(Beginning of DATASET RECORDS)

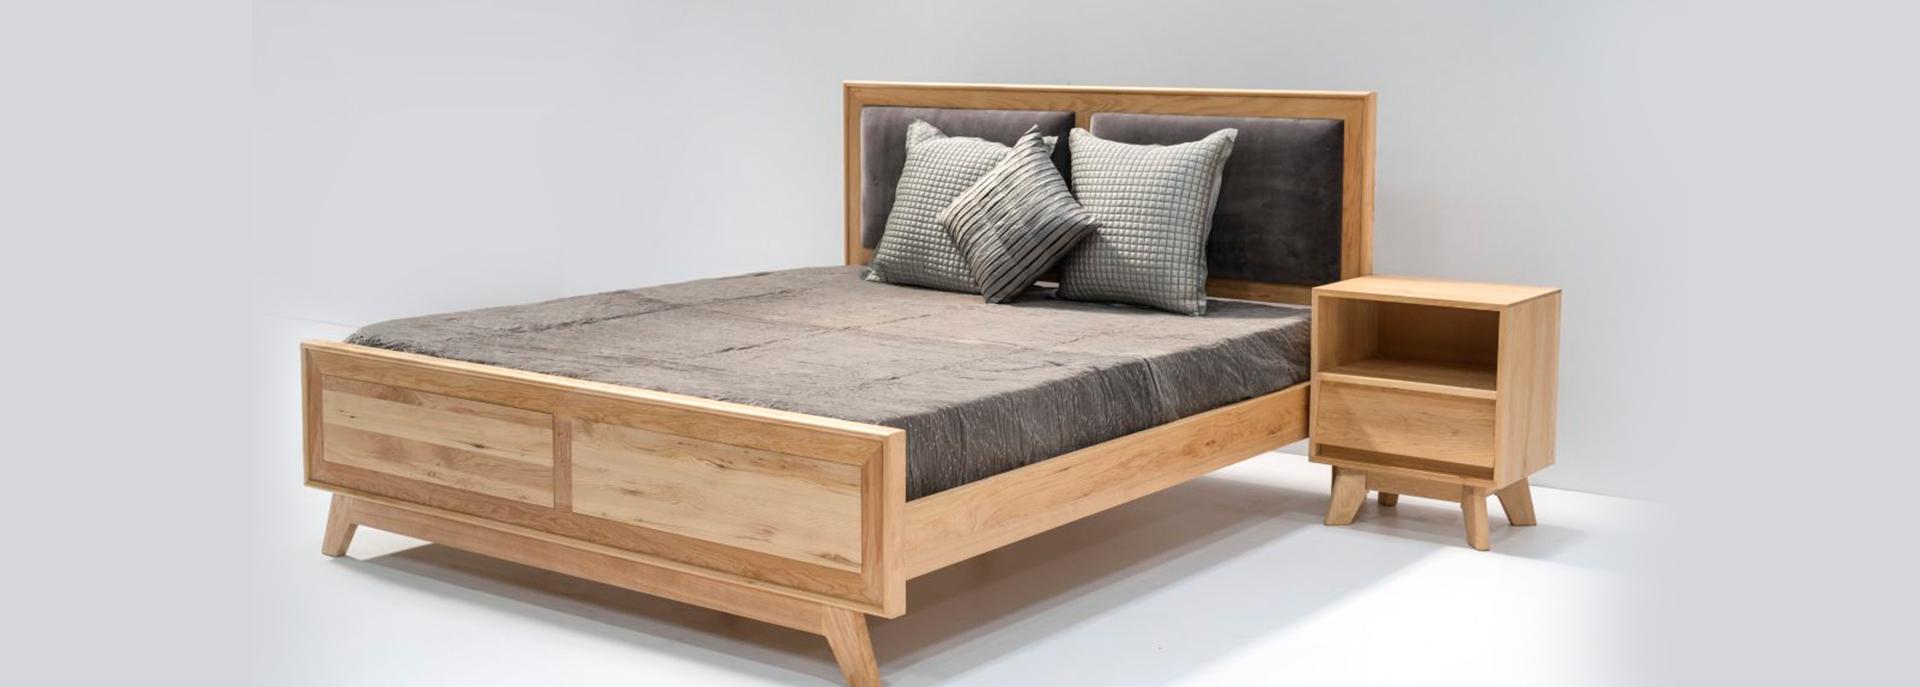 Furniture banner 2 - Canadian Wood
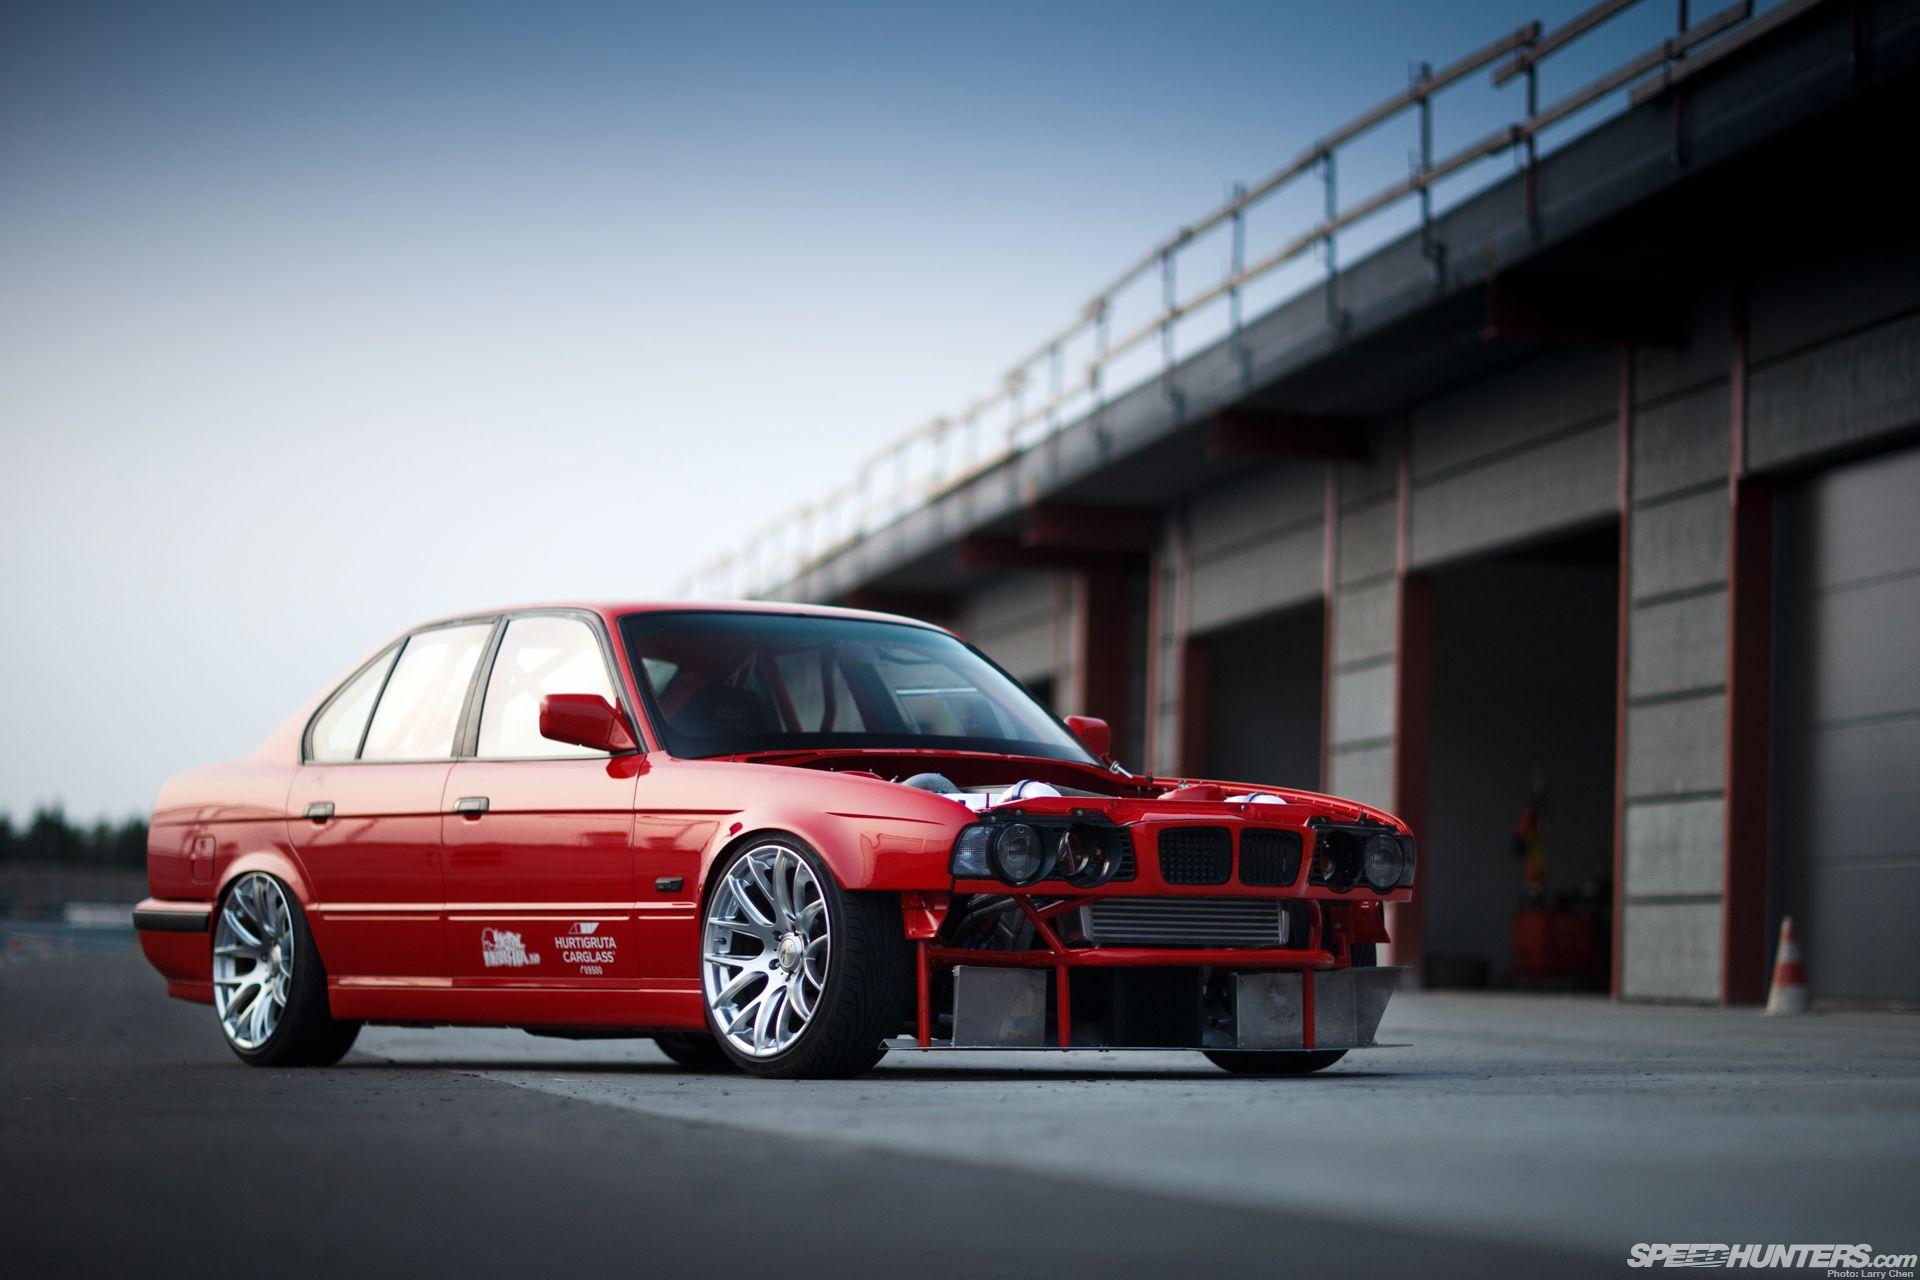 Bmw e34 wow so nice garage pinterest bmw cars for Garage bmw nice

(End of DATASET RECORDS)
(Beginning of DATASET RECORDS)

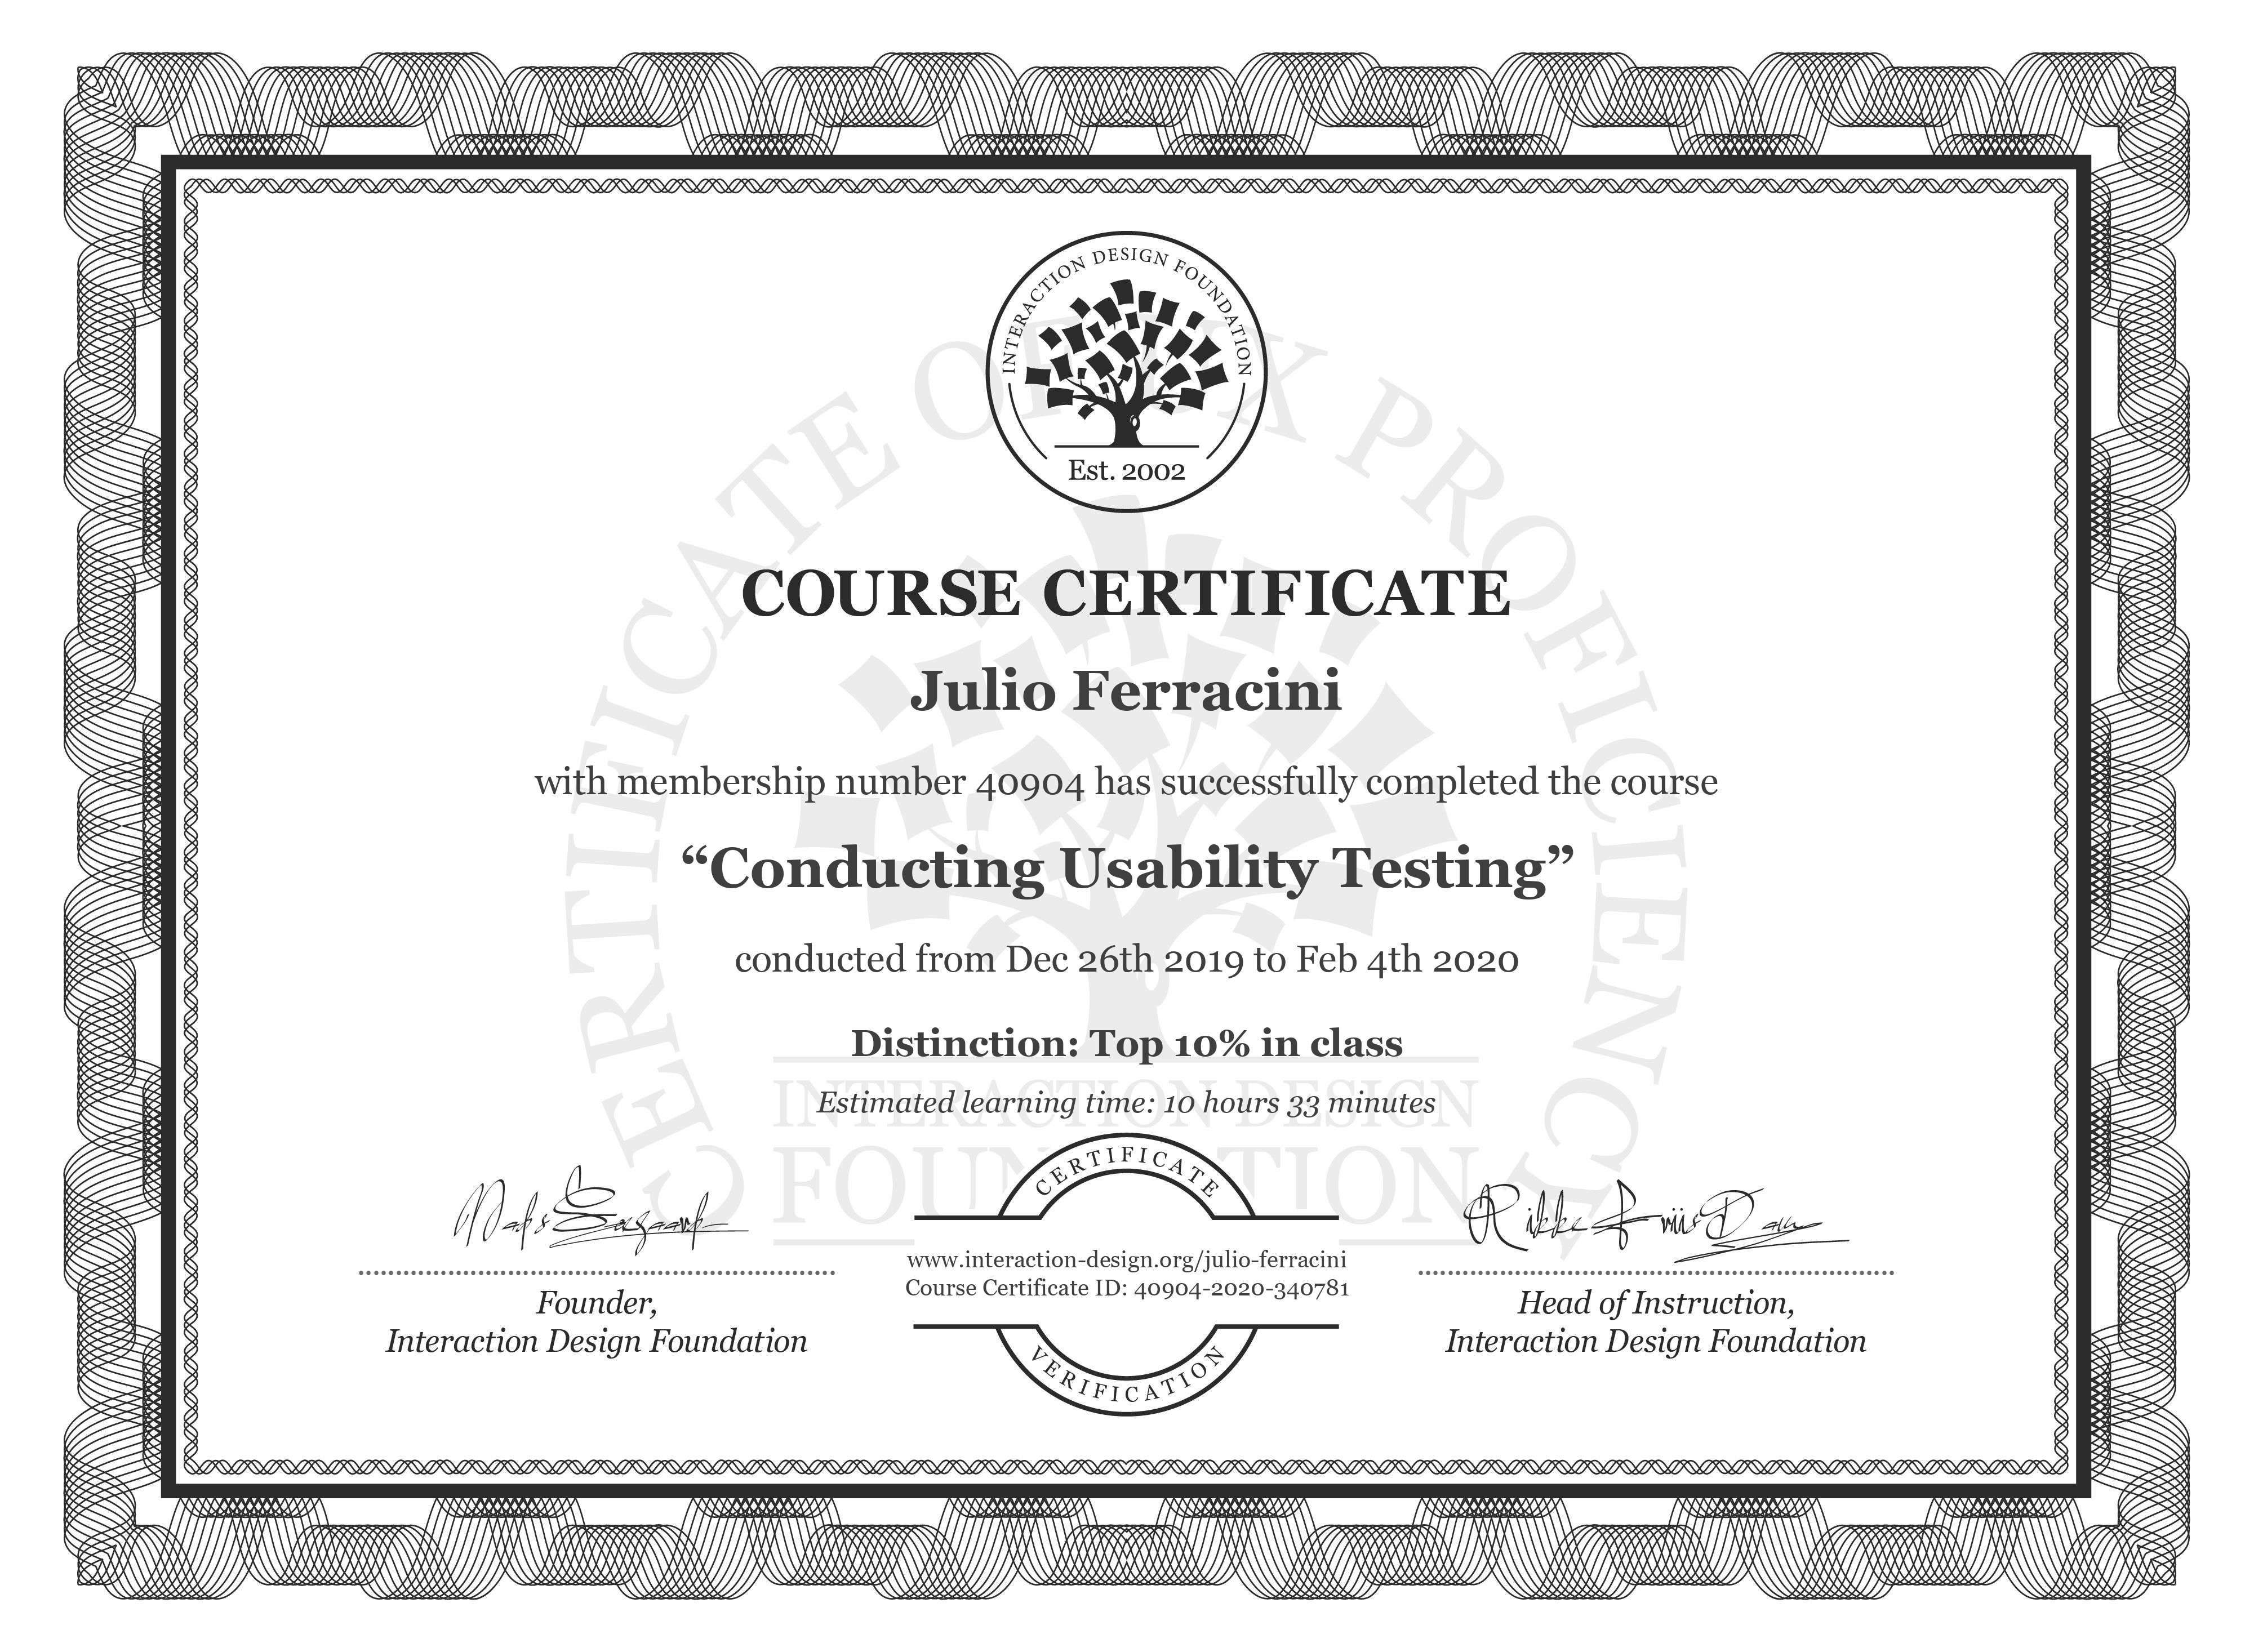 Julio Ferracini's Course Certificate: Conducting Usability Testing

(End of DATASET RECORDS)

▶ [WORK REQUIRED]:
Beginning at the line that has "Furniture banner 2 - Canadian Wood" and ending at the line that has "Bmw e34 wow", restate the listing above word for word, pictures left out.

▶ [WRITTEN ANSWER]:
 Furniture banner 2 - Canadian Wood
 Bmw e34 wow so nice garage pinterest bmw cars for Garage bmw nice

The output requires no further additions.